Речь идет о гадюках. В Боркунах их было великое множество. Они заползали на крыльцо и даже проскальзывали в дом — как-то раз пан Ромуальд обнаружил одну у себя под кроватью. Главных их обиталищ было два. В маленькой березовой рощице у тропинки к ручью деревья росли густо, землю покрывал толстый слой сухих листьев — туда они и удирали, и тогда их уже нельзя было отыскать. Тропинка служила им балконом, где можно было погреться на солнышке; похоже, что по ней же они ползали и в поле — охотиться на мышей. Второе свое поселение они основали в треугольнике болотистой низинки, на мшистых кочках под карликовыми сосенками. Чтобы добраться туда, надо было надеть высокие сапоги Ромуальда и углубиться на вражескую территорию — со слегка замирающим сердцем, когда приходилось идти мимо кочек с тебя высотой.
Гадюка, по-книжному
Ромуальд рассказывал ему и о других змеях. В каких-нибудь двадцати верстах от Боркунов в лесу раскинулись обширные незамерзающие болота, недоступные для человека. Впрочем, никто бы и не отважился отправиться туда из-за змей, которые жили только там. Черные с красной головой, они нападают первыми, подпрыгивают и жалят в лицо или в руку. И тогда уж нет никакого спасения: человек умирает, прежде чем успеет сказать: «Иисус, Мария», — как от молнии. Любопытно было бы проникнуть туда — посмотреть, какие там водятся звери. Говорят, туда могут убегать от преследования лоси.
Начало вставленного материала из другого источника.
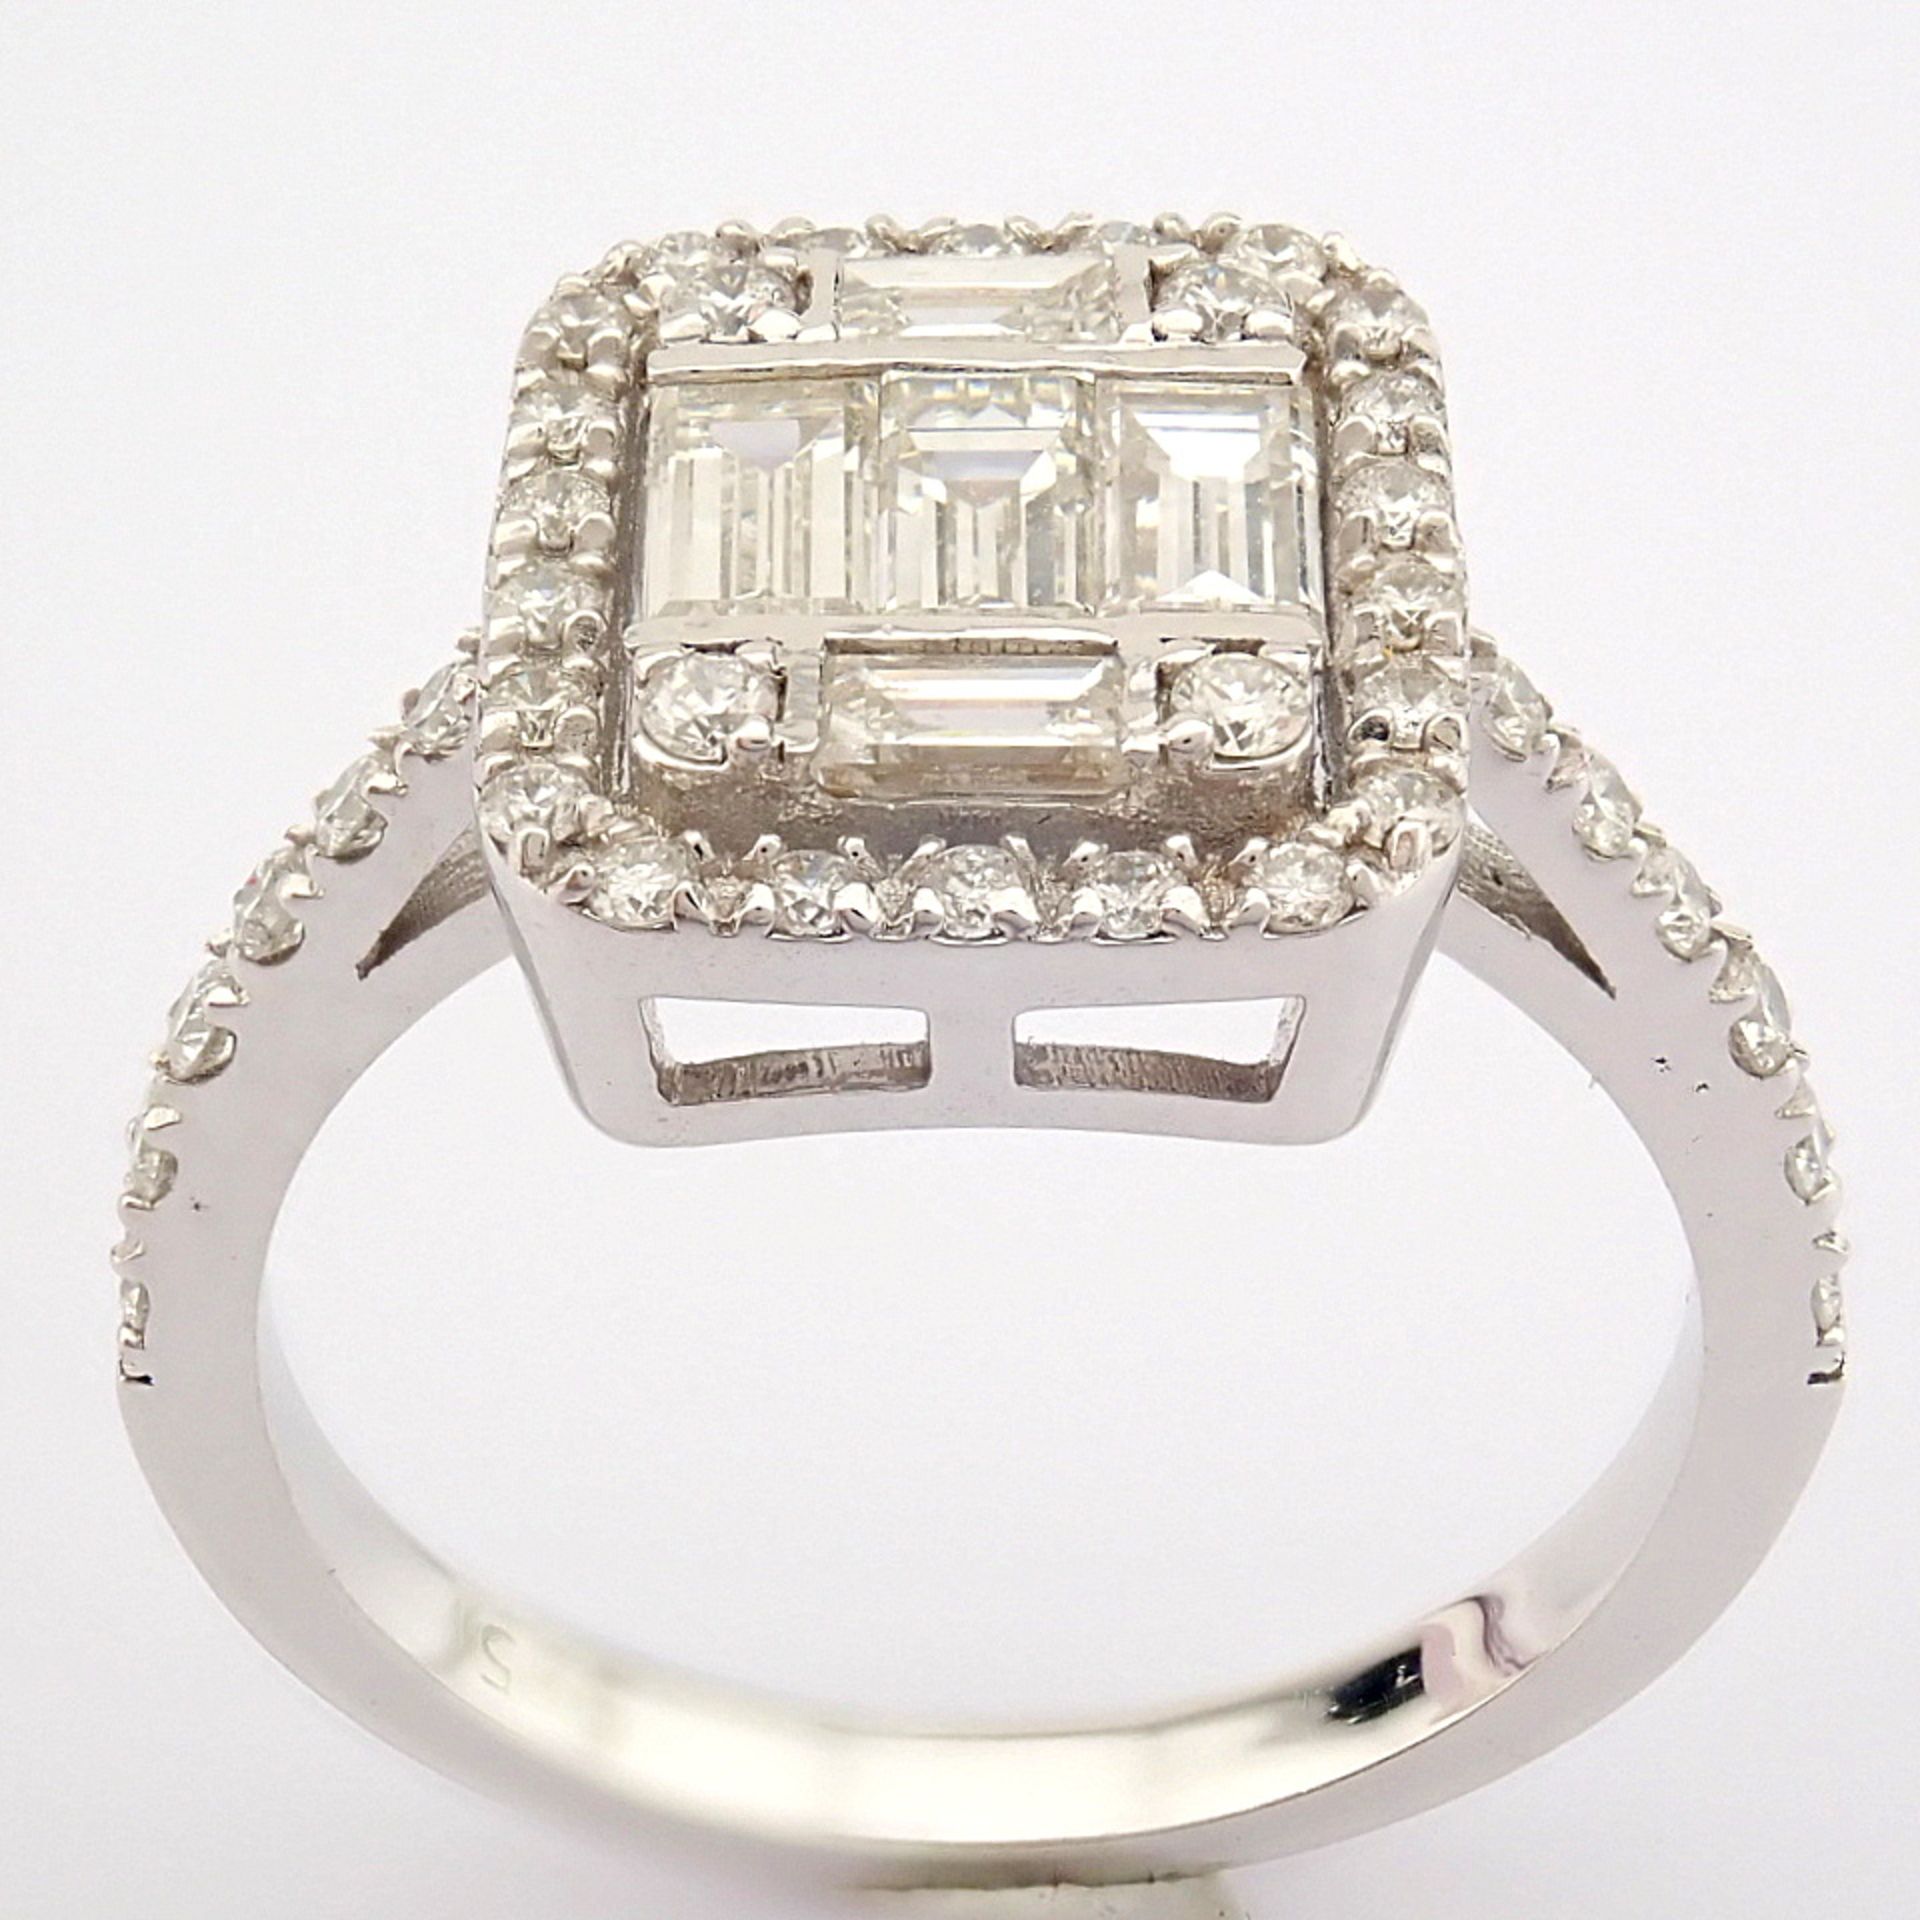 Certificated 14K White Gold Baguette Diamond & Diamond Ring (Total 1.11 ct Stone) - Image 12 of 14

В знойные дни пан Ромуальд перебирался спать на сеновал — правда, неизвестно, жара ли была тому причиной: в доме, защищенном кустами, никогда не бывало душно. Но ему так было приятнее — больше воздуха. Поначалу Томаш никак не мог привыкнуть к множеству мелких мошек и жучков, которые ползали по нему и щекотались. Однако запах свежего сена быстро убаюкивал его. А утром — эти пробуждения! Сперва птичий гомон проникал в сон, потом становился все громче, Томаш открывал глаза, а над ним — озаренные солнцем щели в гонте крыши, по этому гонту шаркают коготки, хлопают крылья, и можно угадывать, кто там ходит — воробьи или кто-нибудь покрупнее, может быть, даже лесные голуби. Он вскакивал, и они с Ромуальдом шли к колодцу мыться. Впереди радость, долгий летний день. Они ели ржаной хлеб, запивая молоком, Томаш надевал сапоги (здесь их носили ради безопасности), брал свою палку из орешника — и на охоту.
Вся штука заключалась в том, чтобы подкрасться тихо, не спугнув, чтобы они не юркнули в березняк слишком быстро. Обычно он издалека видел несколько растянувшихся плетей, принимавших солнечную ванну. Он подбегал и колотил по ним палкой, целясь в голову. Гадюка подскакивала, извивалась и ползла в спасительные заросли, но он отрезал ей путь к отступлению. Была у него и другая палка, расщепленная на конце, с палочкой в этом расщеплении. Он прижимал шею гадюки, вынимал палочку и нес змею домой, а она вздрагивала и корчилась — эти твари удивительно живучие. Дома Томаш вешал ее сушиться вместе с палкой: сушеные гадюки — лекарство от коровьих болезней, и люди с берегов реки, где гадюк не было, домогались его.
Охота в низинке отличалась мерами предосторожности (вдруг какая-нибудь гадина сидит в кустиках багуна[58] или среди ягод пьяники?)[59] и тем, что мягкий мох не позволял как следует оглушить, поэтому отлавливание расщепленной палкой мечущейся шеи требовало сноровки. Как-то раз, когда Томаш уже ходил с ружьем (не в то лето, а в следующее), он наткнулся на гадюку, свернувшуюся на кочке шагах в восьми от него. Он пальнул, и тут произошло нечто удивительное: змея исчезла, словно растворилась в воздухе — а ведь дробь на таком расстоянии идет кучно.